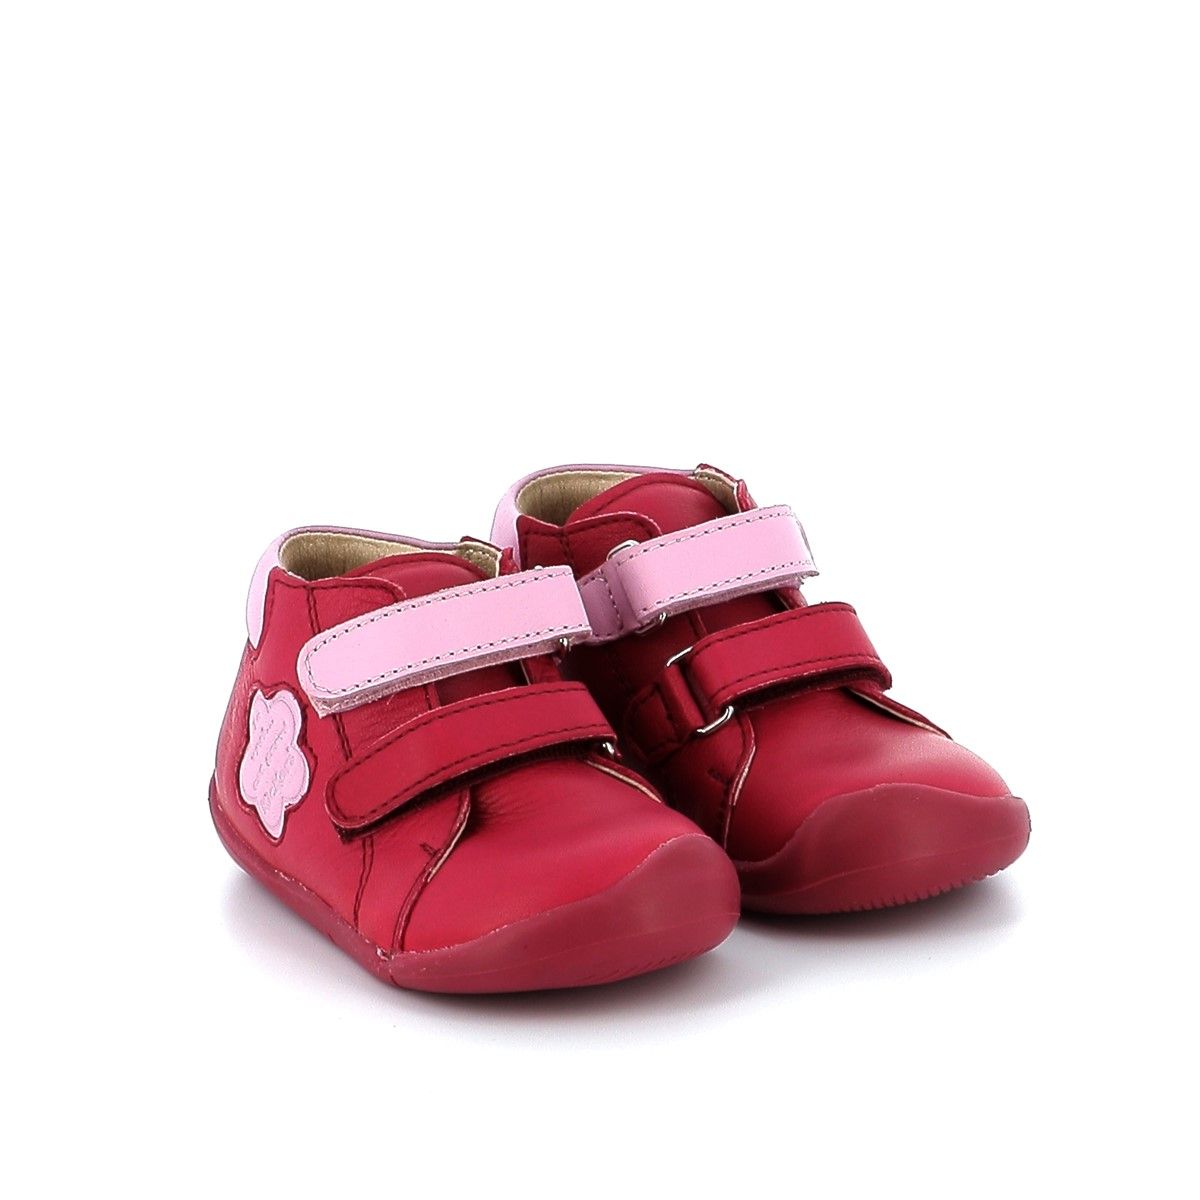 Παιδικό Μποτάκι για Κορίτσι Ανατομικό Kickers Wakalla Δερμάτινο Χρώματος Ροζ 878480-10-131
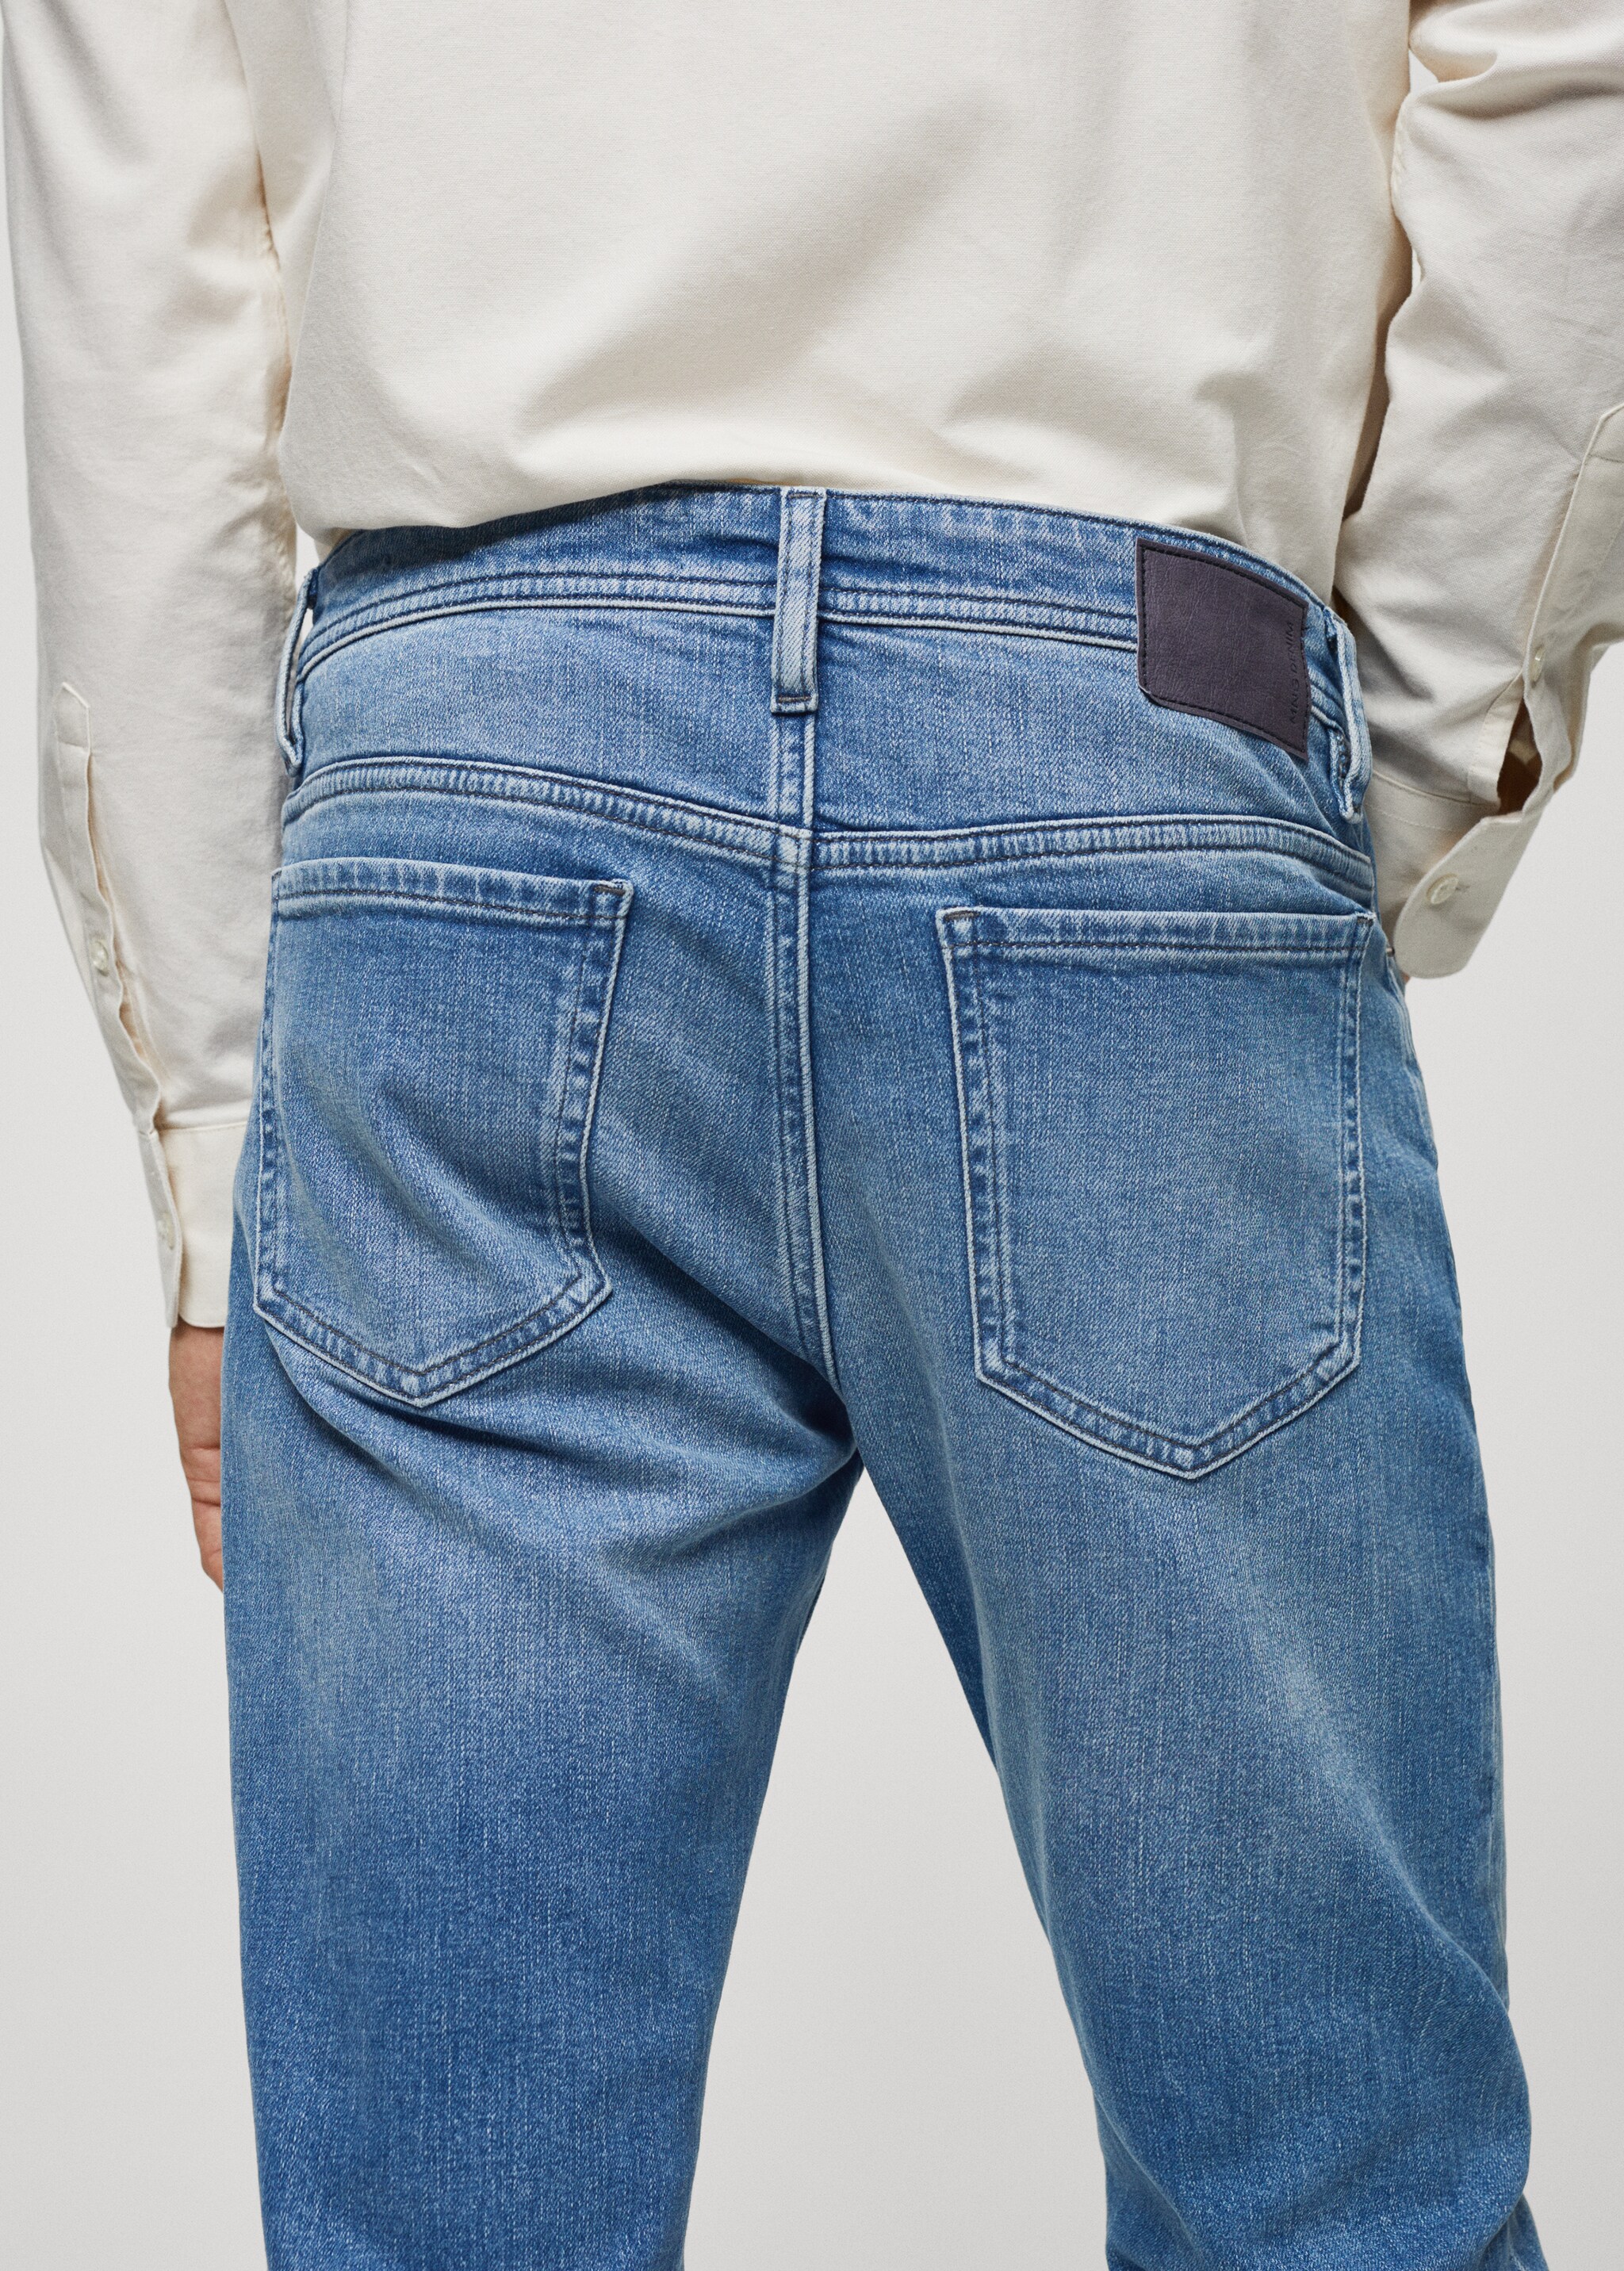 Jeans Jan slim fit - Pormenor do artigo 4
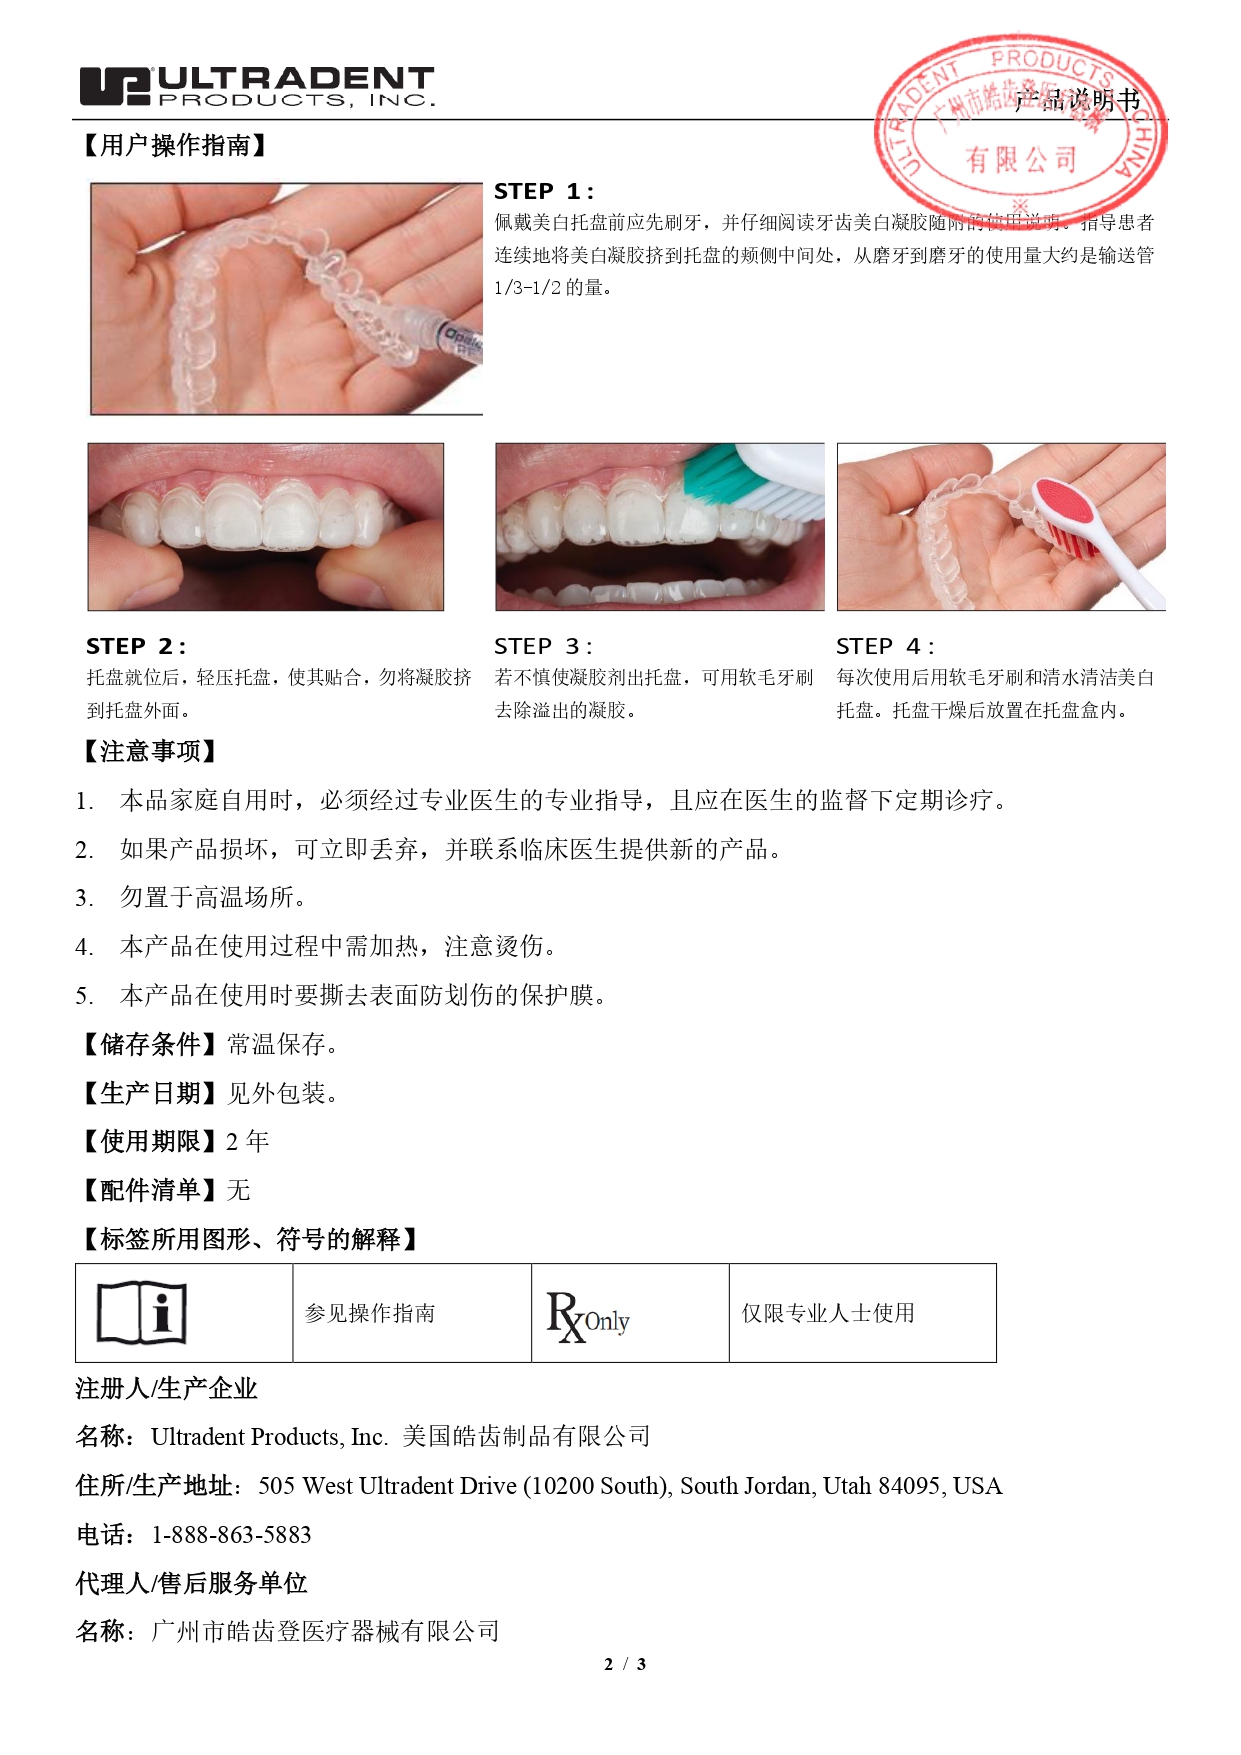 牙科膜片-中文说明书-Jul2023 盖章_page-0002.jpg
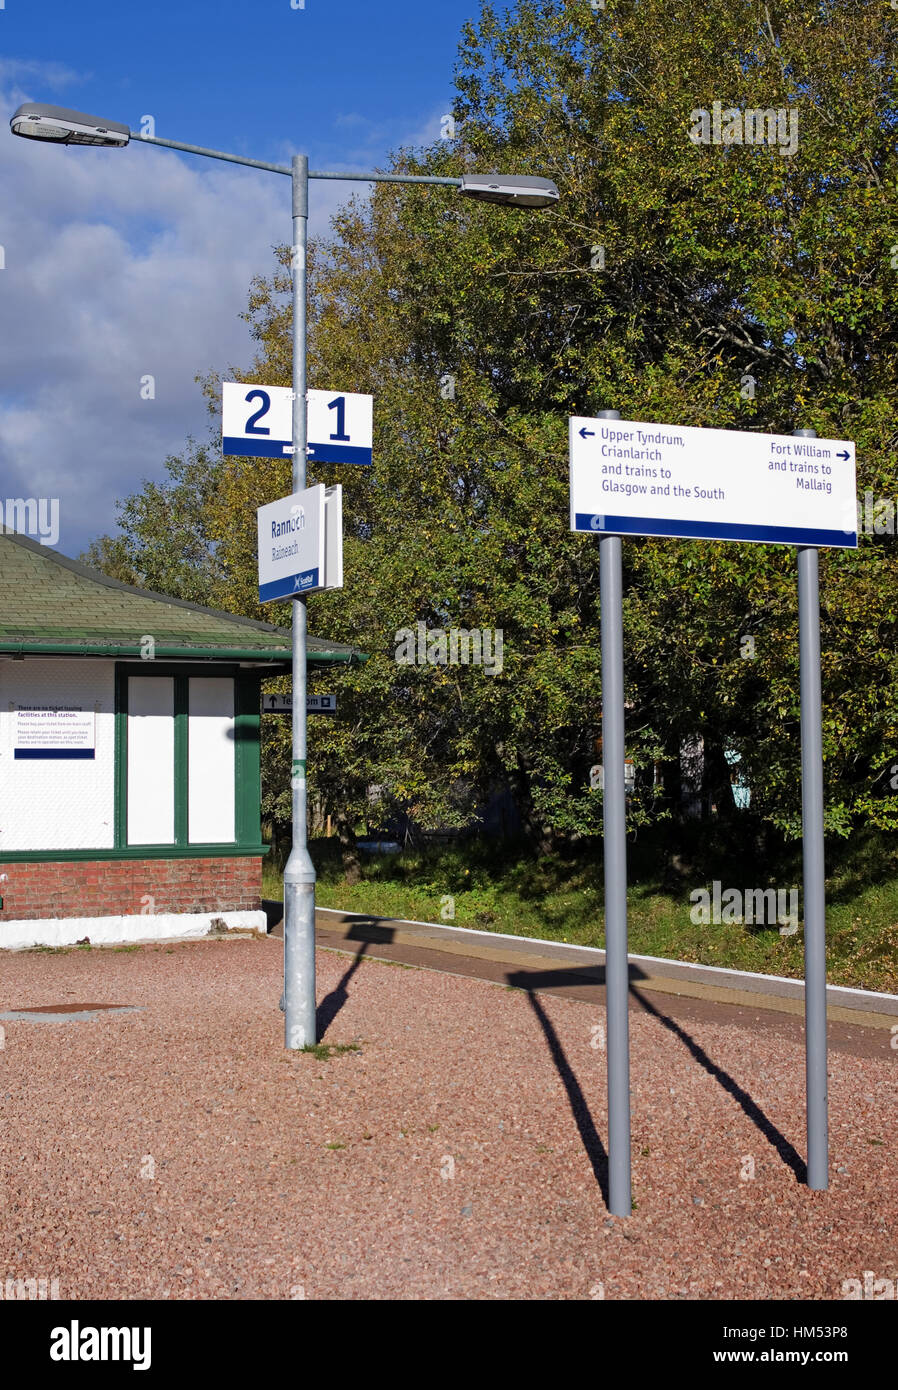 Des panneaux d'information indiquant les numéros de plate-forme et le train destinations, sur la plate-forme à Rannoch Station, Perthshire, Écosse, Scotland UK Banque D'Images

▶ **Required action**
Retype the listing above exactly, pictures excluded.

▶ **Solution below**
 Παιδικό Μποτάκι για Κορίτσι Ανατομικό Kickers Wakalla Δερμάτινο Χρώματος Ροζ 878480-10-131
 Jeans Jan slim fit - Pormenor do artigo 4
 牙科膜片-中文说明书-Jul2023 盖章_page-0002.jpg
 Des panneaux d'information indiquant les numéros de plate-forme et le train destinations, sur la plate-forme à Rannoch Station, Perthshire, Écosse, Scotland UK Banque D'Images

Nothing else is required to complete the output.